I’m not saying this advice is wrong, but it is a little concerning. If this is just some advice to follow until things are further optimized, that’s fine. But if this is fundamental to compiling, I’d say this is some rather core functionality.

Same with using dictionaries.

I believe he’s referring to dictionaries that store multiple types. This is problematic for inference. This may be a point where the compiler should “give up”.
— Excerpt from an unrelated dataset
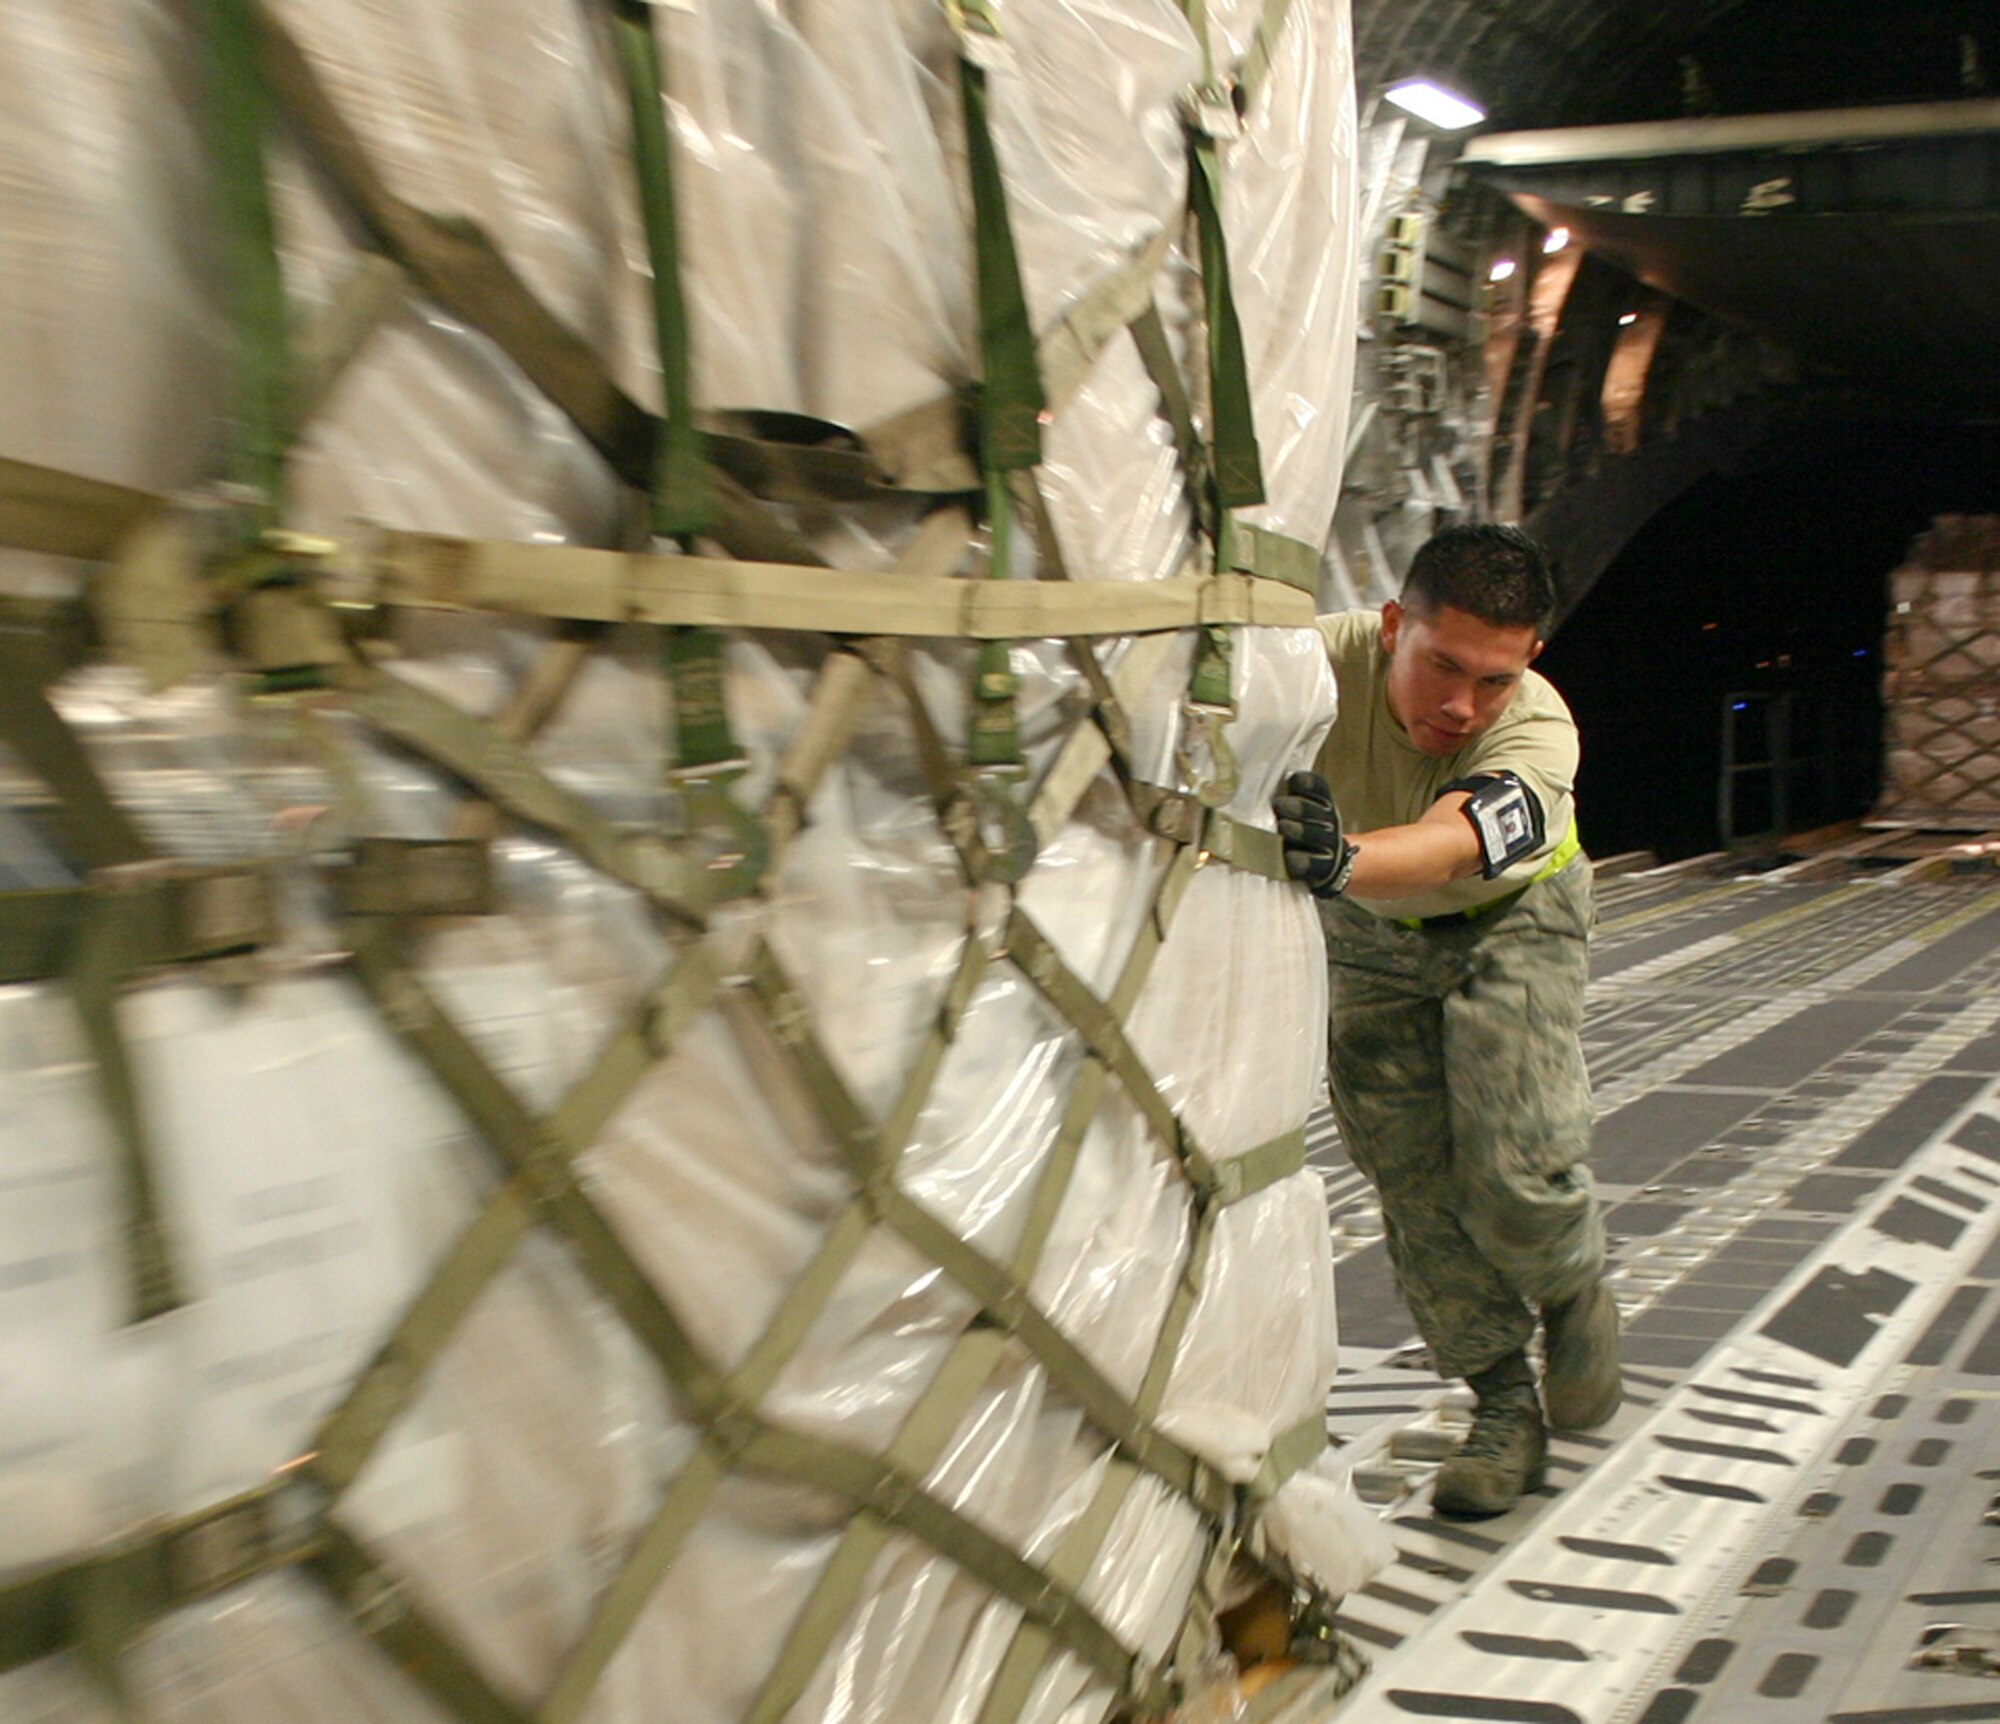 Air Cargo Specialist Senior Airman Rodrigo Maranon from the 437th Aerial Port Squadron pushes a pallet of personal protective kits into position aboard a C-17 Globemaster III at Charleston Air Force Base, S.C., May 8. The kits are part of a U.S. Agency for International Development shipment to Haiti, Guatemala, Honduras, El Salvador, Nicaragua and Belize to help these nations prepare for a potential outbreak of the H1N1 influenza virus. (U.S. Air Force photo/Raymond Sarracino)

These are very interesting observations. I started a question here:

and

and

ad never got the answer that type inference itself is the problem. Would it be possible taking @ChrisRackauckas suggestions and putting them into the “performance tipps” section of the manual?

2 Likes

That’s an interesting suggestion. Most (all?) of the Performance Tips are about runtime performance, and hints about compilation performance could be useful. However, it is mostly a moving target.

4 Likes

As is runtime performance (-> small union optimization). I understand perfectly that the focus was on runtime in the past, but code patterns that help the compiler would be very very helpful. My Gtk application needs more than 60 seconds to load and clicking a button the first time requires more than 15 seconds. So getting some hints is extremely appreciated.

8 Likes

A big issue is that this is very difficult to debug. It also glosses over other issues, such as large union types (e.g. StridedArray) which cause significant compile time issues, even if type-stable.

Compile-time optimisation feels a lot like Matlab optimisation, where there is no intuitive “mental model” of what makes code fast, and so one is left with a bag-of-tricks. This is one of the reasons I always avoided Matlab and why I like Julia.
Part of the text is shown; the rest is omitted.